Annie stops and turns without warning almost knocking Lorenzo into the traffic racing down Rindge Avenue.  “I didn’t come back because after everything that happened, on the day Colette entered this world I woke up and realized the pain was gone. I wasn’t high or drunk, I was just better because Colette appeared in this world.” Annie shakes her head at the ground to jolt the sadness of not being with her from her soul. “It had taken so much energy to deal with the pain of that decision to not have children, that when she appeared the regret was gone. I felt lighter. Hopeful. I wanted to be with them, JP, Khadijah and Colette. I couldn’t miss you Lorenzo, because you were never mine and they were. They are. But I forgave you a long, long time ago.”

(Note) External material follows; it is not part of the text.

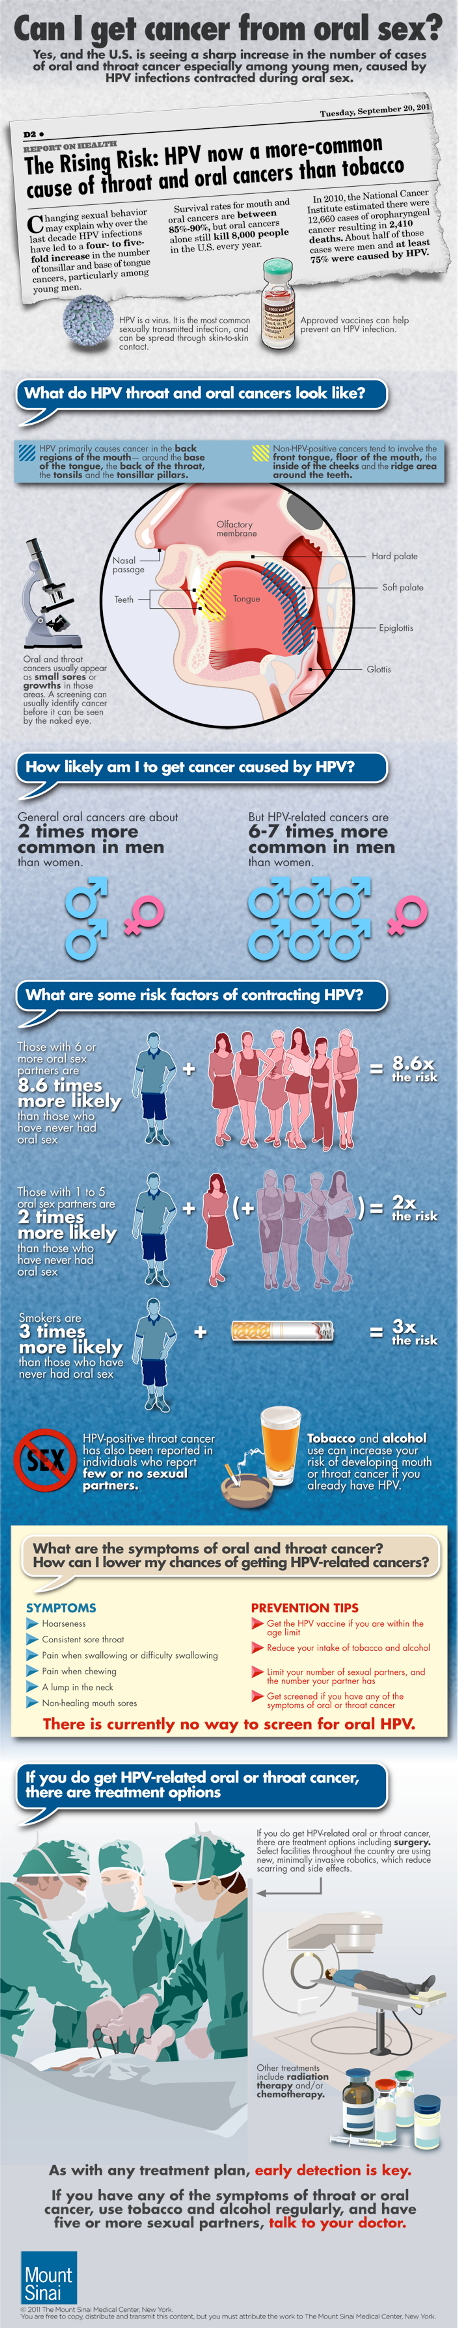 HPV-pozitív oropharyngealis rák - HPV-positive oropharyngeal cancer - gal-kuria.hu

He wraps her in his arms and she feels safe close to his beating heart.  As she steps away to make her way back to Pemberton Street she says, “Thank you for lunch,” and turns as the bells ring out three times and Father Lorenzo understands he’s truly forgiven as he listens to the sounds of the birds and the children playing, before turning back to his life at St. Catherine of Genoa Parish.